Teeth clench in rictus of rage. Head oscillates axially in frisson of unbridled wrath. All blood is squeezed from ivory fists by clenching spasms of  unparalleled umbrage. At last anger abates sufficiently to allow the resumption of typing...

I won't stoop to name the muck-raking, moronically opinionated, scumbag journalist who triggered the outburst; suffice it to say he is the supposed 'society editor' of the New York Times, on the cheap, sullied pages of which he this morning declared me to be 'out of touch with the common worker'. Me. Me, out of touch with the common worker. I... I... words fail me.

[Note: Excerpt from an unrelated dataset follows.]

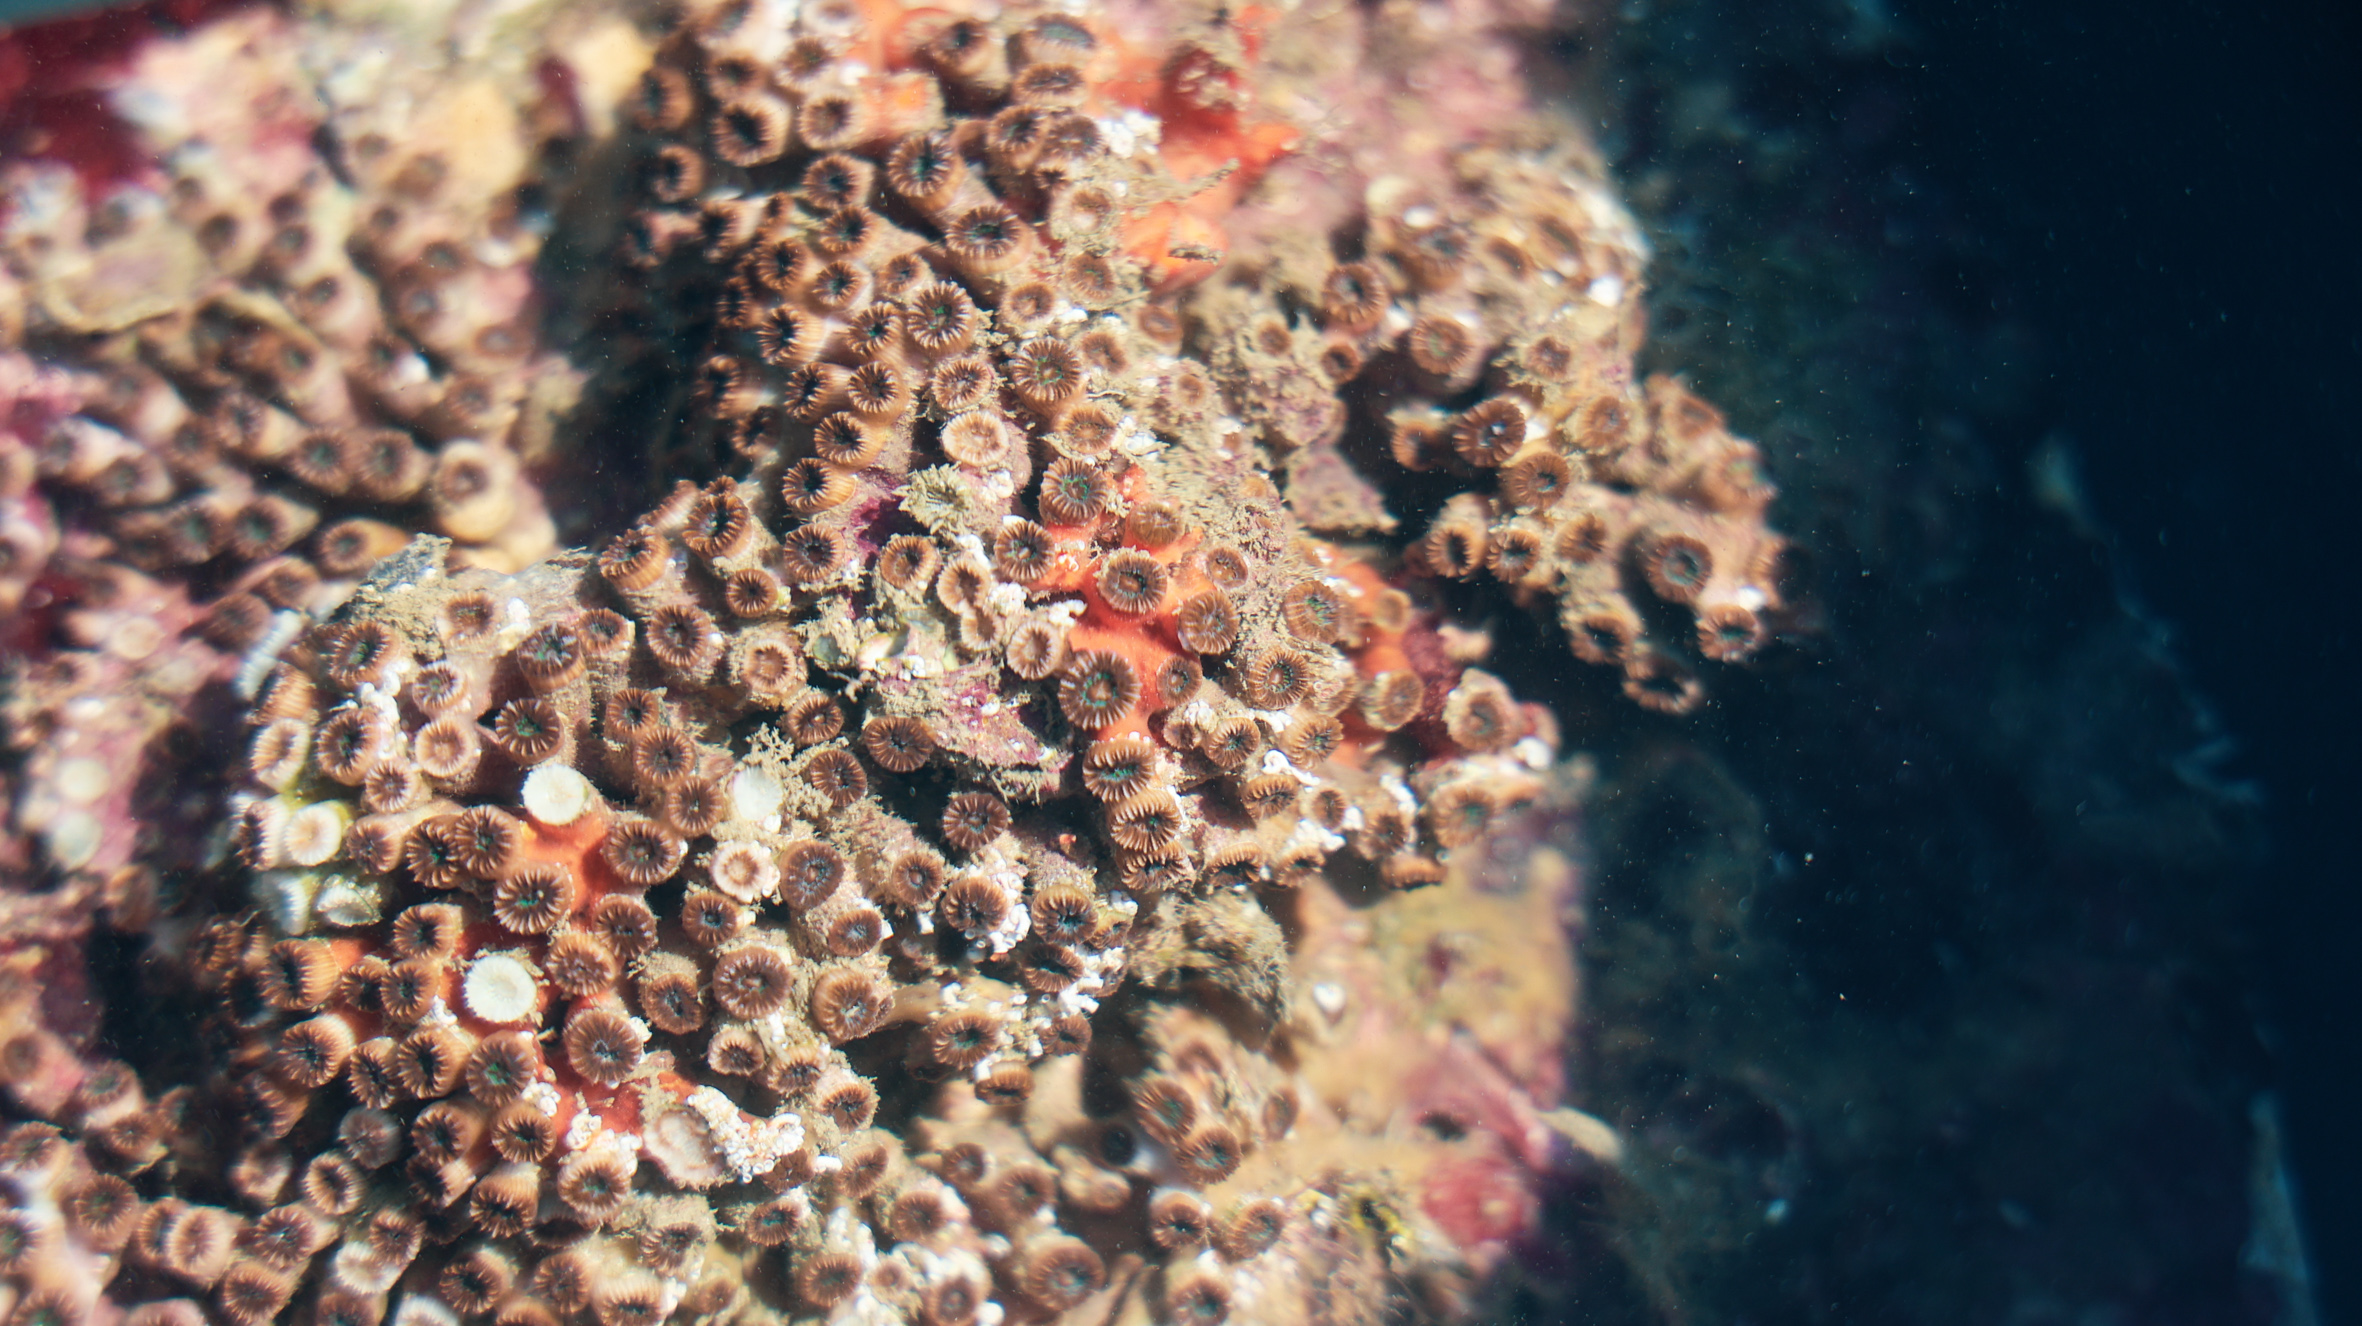 Translocating endangered coral colonies at the Grand Harbour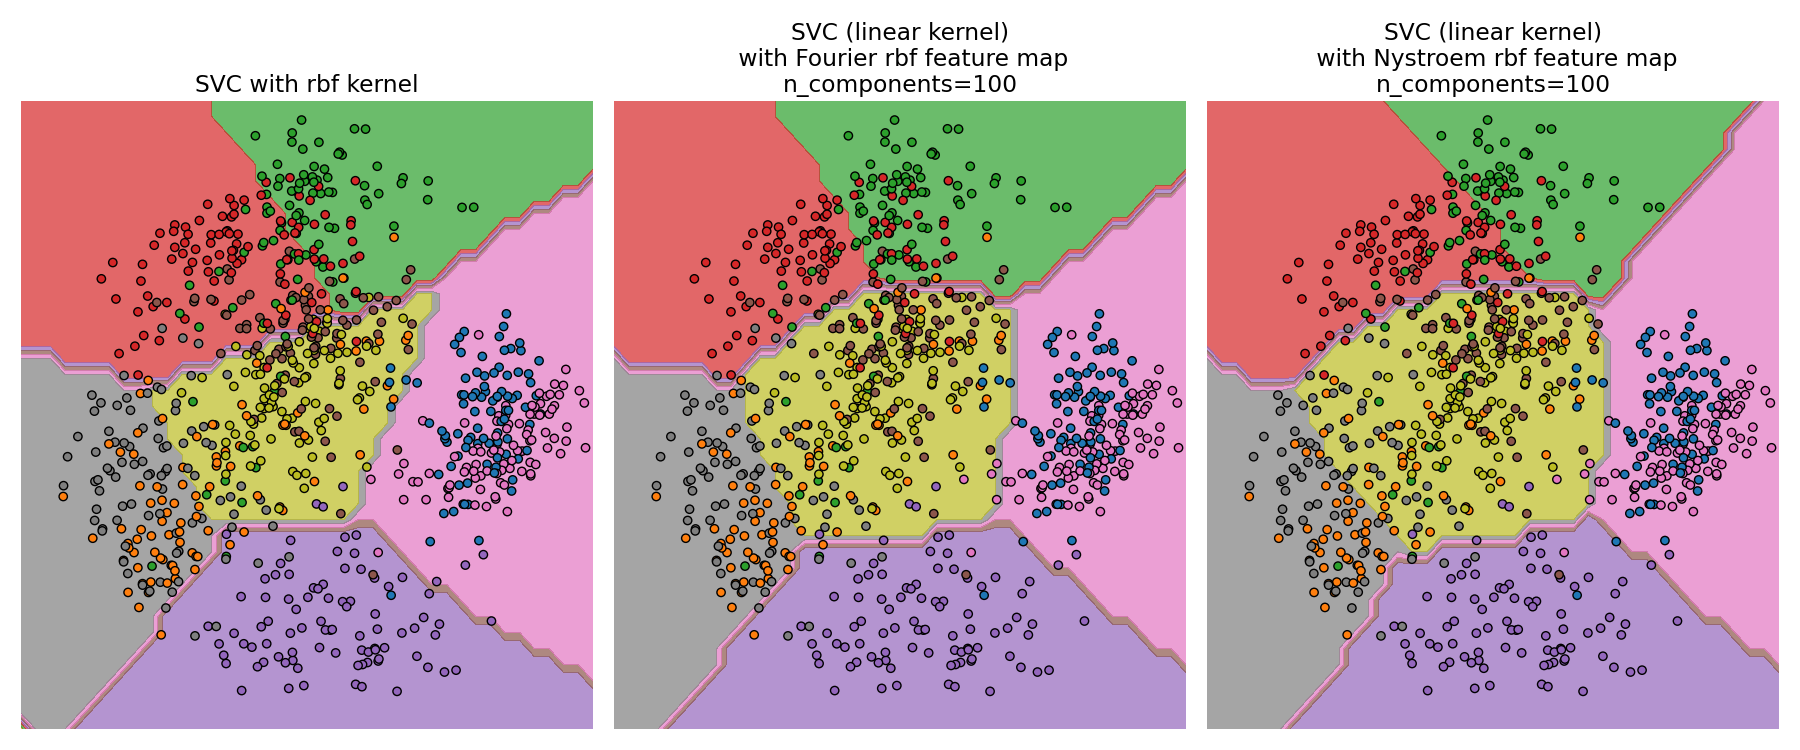 SVC with rbf kernel, SVC (linear kernel)  with Fourier rbf feature map n_components=100, SVC (linear kernel)  with Nystroem rbf feature map n_components=100

I know what you are saying. It's not like him. He's not himself. Why isn't he making a joke of it like he always does? And you are right to be shocked. Ordinarily, as you well know, I laugh at these things. Who are journalists, after all, but mediocre talents, tainted with resentment of real writers, typing whatever fanciful notions best serve their embittered fantasies of avengement. In my lofty and prominent station, the flaccid arrows of a spiteful press are an environmental constant, like the very air itself, and I am usually numb to them. However, this morning's poisoned barb has hit my one psychologically sensitive spot- my working class identity.

Was I not born of a poor family in the 'north end' of Mayfair, virtually the epitome of a working class community? Was I not driven to school in an old hand-me-down Daimler? Have I not reached my position of eminence by struggling against every disadvantage of class? Naturally, I am set apart from  'the common worker' in attainment, but in all other respects we are the same. Don't I rise each day at 6, just like the common worker? Don't I leave for work at 8, just like the common worker, after the shower, the swim, the sauna and the massage? Don't I do the Sudoku, just like the common worker, as I'm driven to work? Don't I stand patiently in my private lift, as I rise to my office, just like common workers in lifts and elevators across the world? Don't I suffer the same petty frustrations as the common worker- tedious clients, like Obama and Putin, the queried expenses for the fortnight in Acapulco.

Journalists. I sometimes wonder how they make it all up.